De notre côté, nous désirions aussi, le commissaire et moi, ajouter à notre suite un homme accoutumé aux courses dans les bois, et capable de nous servir comme chasseur ; car notre petit créole, chargé de la cuisine pendant les haltes et de la conduite des chevaux de bât pendant les marches, avait assez à faire. Un individu tel qu’il nous le fallait se présenta, ou plutôt nous fut recommandé dans la personne d’un certain Pierre Beatte, de race croisée d’Osage et de Français. On nous assura qu’il connaissait parfaitement le pays, l’ayant traversé dans toutes les directions en participant à des expéditions de chasse ou de guerre. Il pouvait nous être également utile comme guide et comme interprète, et passait pour un chasseur habile et déterminé.

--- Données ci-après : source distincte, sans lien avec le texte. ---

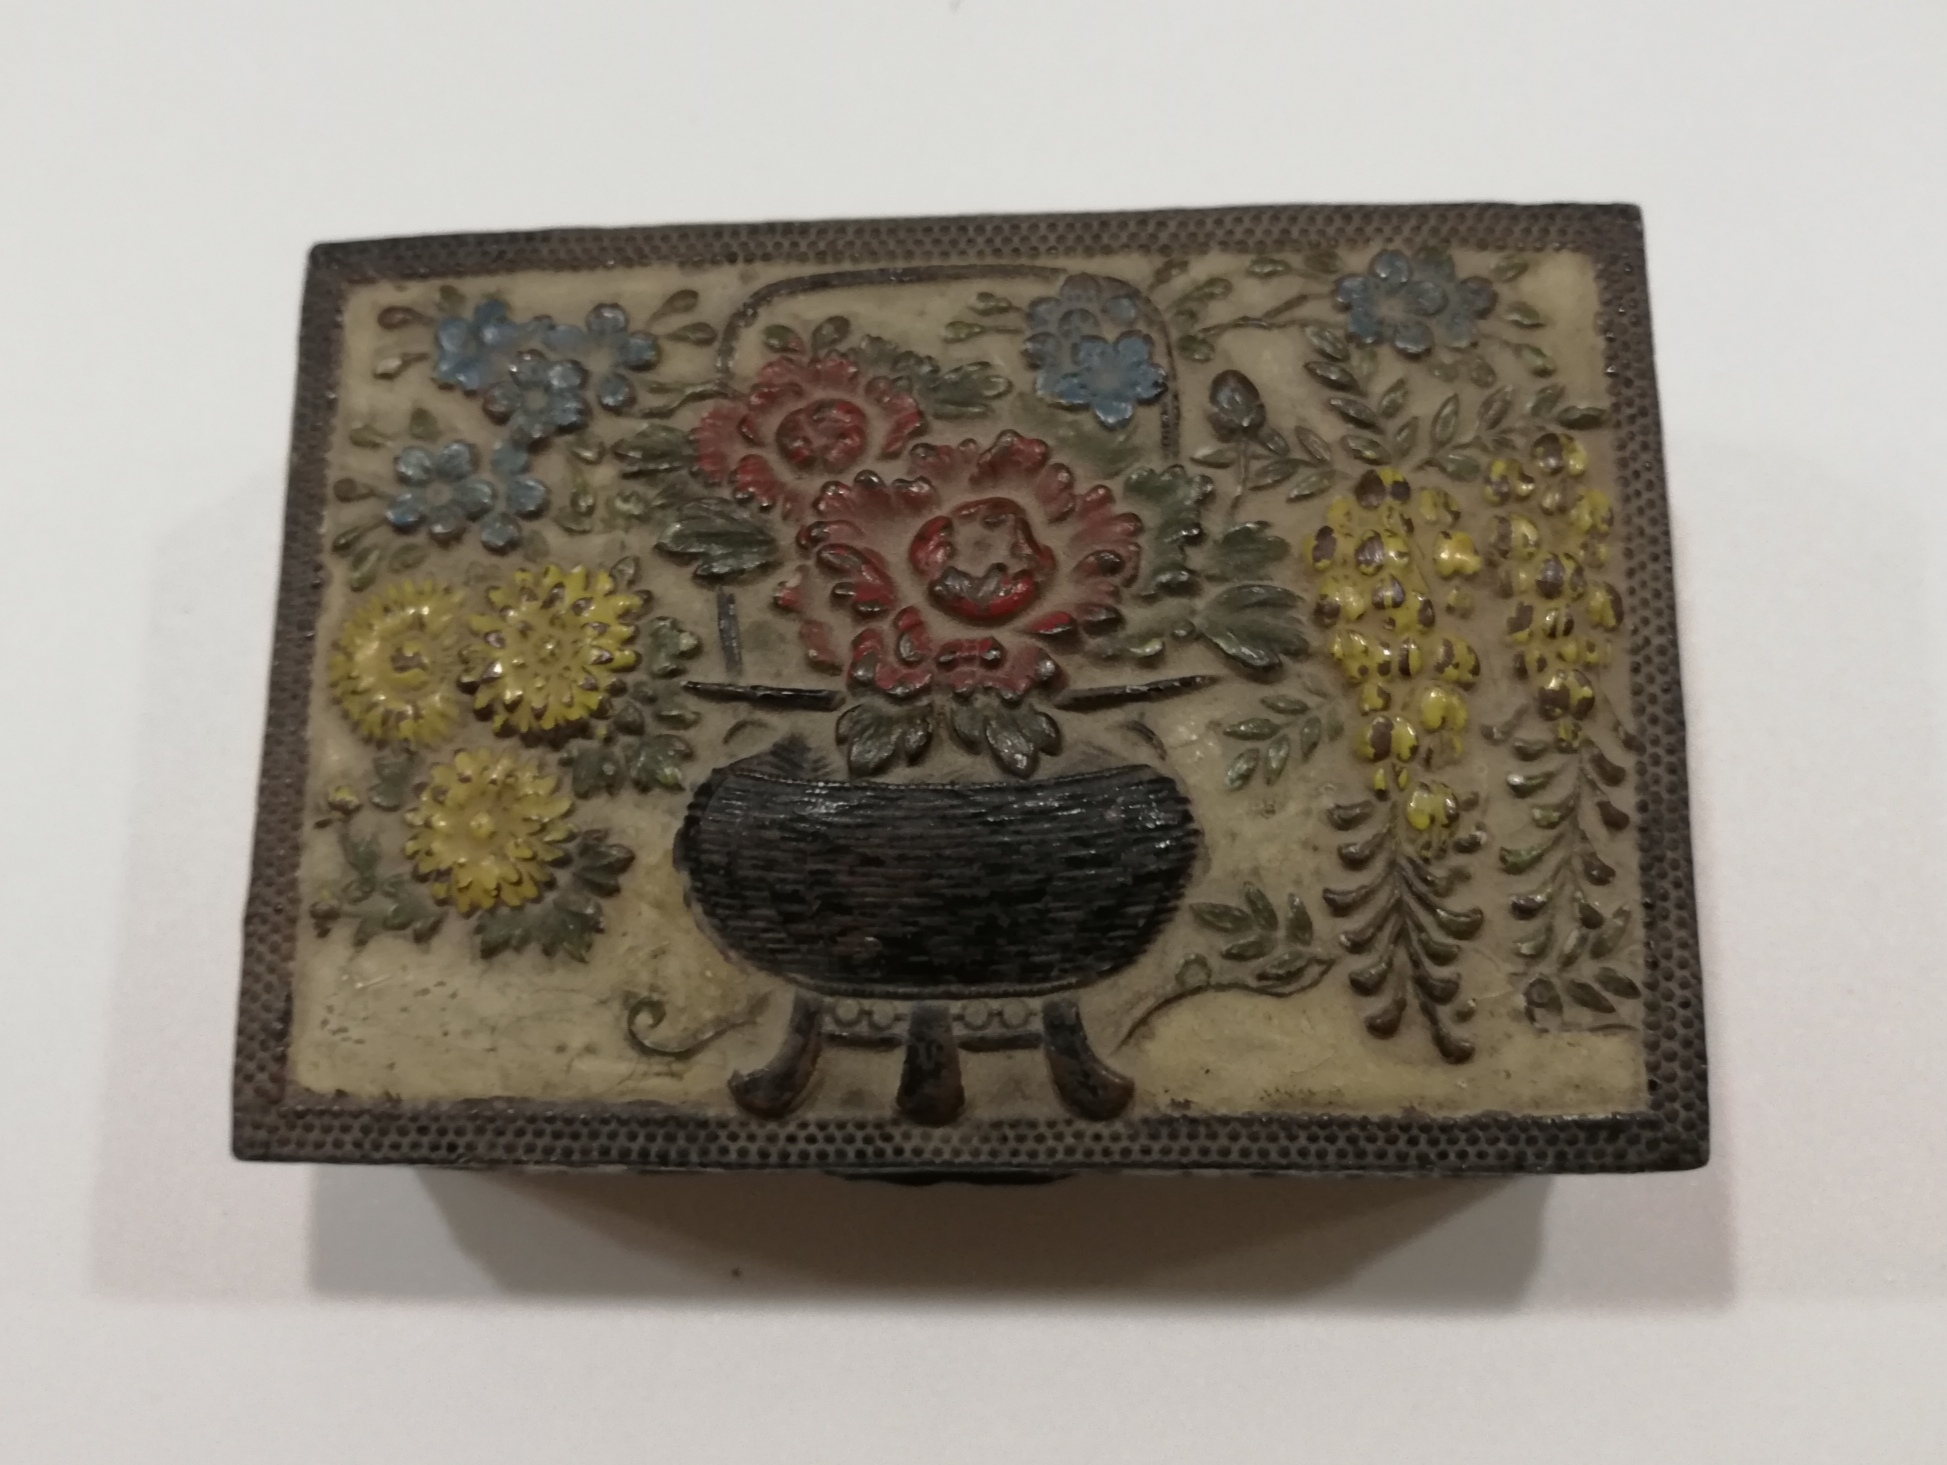 Antigua y bonita caja metálica con decoración floral en relieve
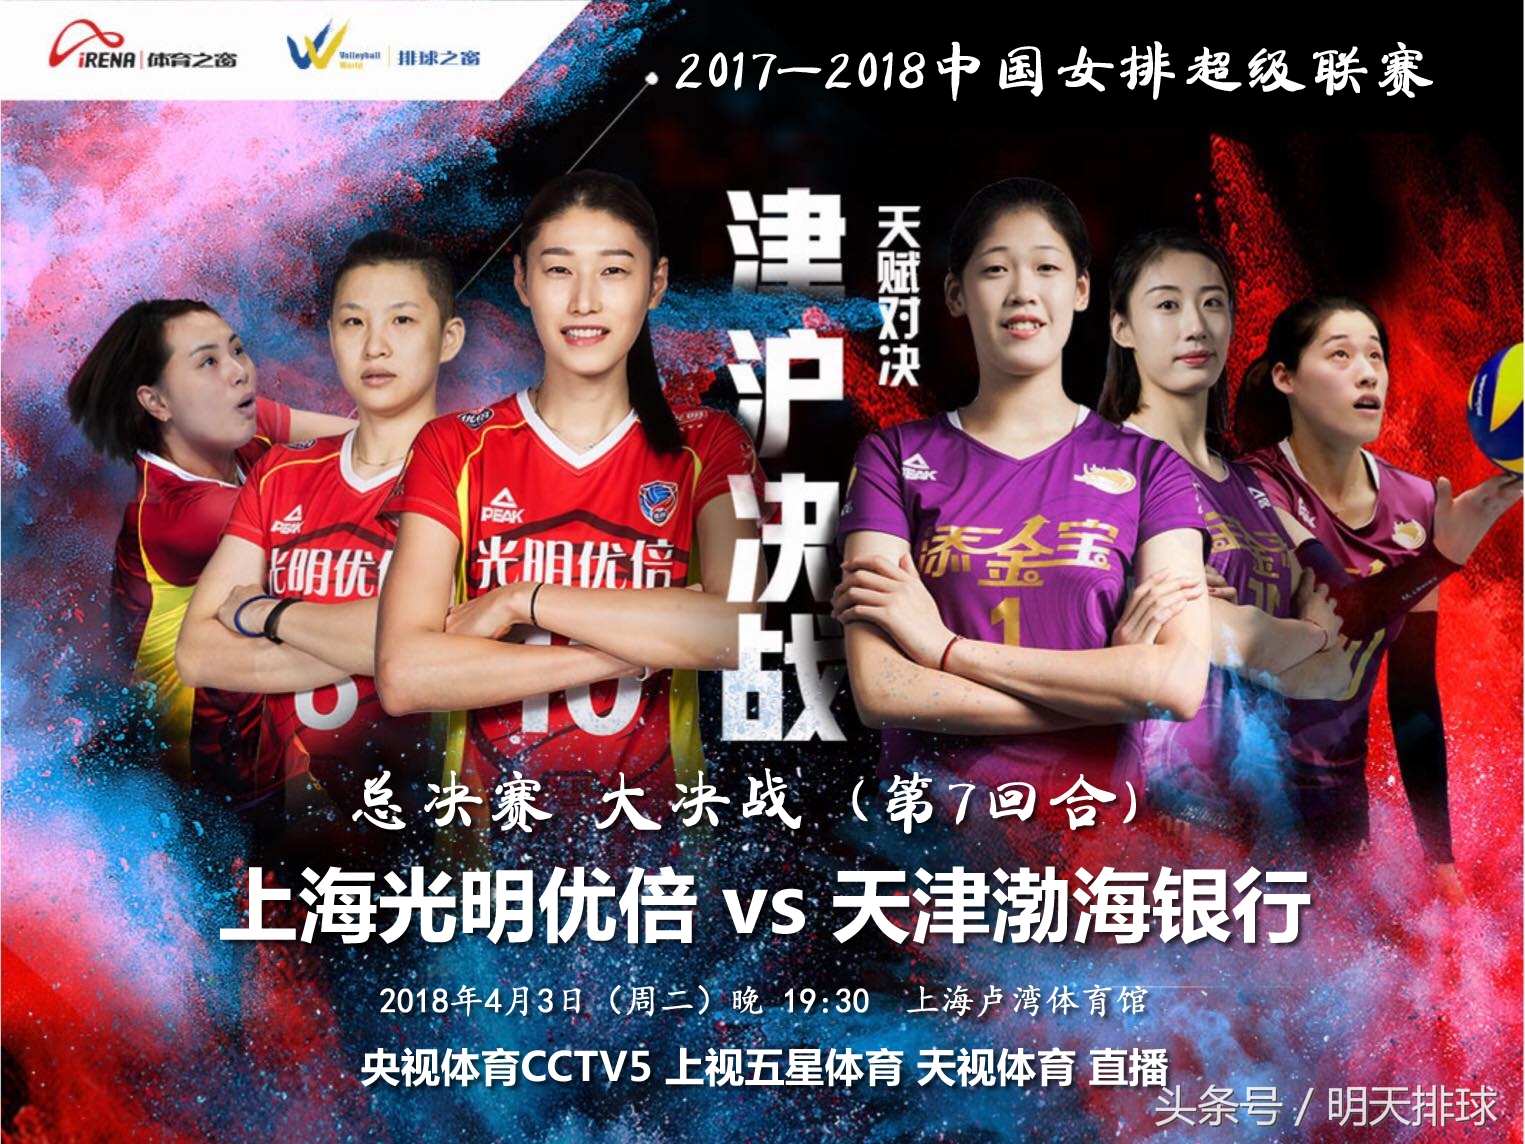 女排联赛“大决战” CCTV5等电视直播收看指南

Cependant sa mine me déplut quand il me fut d’abord désigné, tandis qu’il rôdait dans le hameau, vêtu d’une vieille veste de chasse avec des guêtres ou métusses, de peau de daim crasseuses, tachées, presque vernissées par un frottement longuement prolongé. Il n’annonçait pas plus de trente-six ans, et sa structure était carrée et forte ; ses traits n’étaient point mal, puisqu’ils étaient à peu près dans la forme de ceux de Napoléon : seulement les hautes pommettes indiennes donnaient à ceux-ci un caractère moins noble. Peut-être la teinte d’un jaune verdâtre de ce visage le faisait ressembler encore davantage à un buste en bronze de l’Empereur que j’avais vu autrefois ; mais à tout prendre sa physionomie était sombre et sournoise, et cette expression peu agréable était renforcée par un vieux chapeau de laine rabattu sur ses yeux, et des mèches de cheveux emmêlées qui retombaient le long de ses oreilles.

Telle était l’apparence de l’homme, et ses manières n’avaient rien de plus engageant : il était froid, laconique, ne faisait aucune promesse, ne se vantait d’aucun talent. Il nous dit à quelles conditions il consentirait à nous engager ses services et ceux de son cheval ; nous les trouvâmes dures ; mais il ne parut nullement disposé à en rabattre, et nullement empressé de s’assurer l’emploi qui s’offrait à lui. Il tenait un peu plus de l’homme rouge que du blanc, et j’avais appris depuis long-temps à me défier des métis, race inconstante et sans foi. Je me serais donc volontiers dispensé de la coopération de Pierre Beatte ; mais nous n’avions pas le temps de chercher une autre personne, et il fallut s’arranger avec lui sur-le-champ. Alors il nous dit qu’il allait faire ses préparatifs pour le voyage, et promit de nous rejoindre à notre campement du soir.

Une chose essentielle manquait à mon équipage pour les prairies : c’était un cheval sûr et docile. Je n’étais pas monté selon mon goût ; l’animal que j’avais acheté était fort, de bon service, mais sa bouche et son allure étaient dures. Au dernier moment, je réussis dans mes vues, et je me procurai une excellente bête, un bai brun, vif, généreux, puissant, et en très bon état. Je le montai en triomphe, et transférai le gris d’argent au petit Tonny, qui fut dans une extase complète de se voir en parfait cavalier.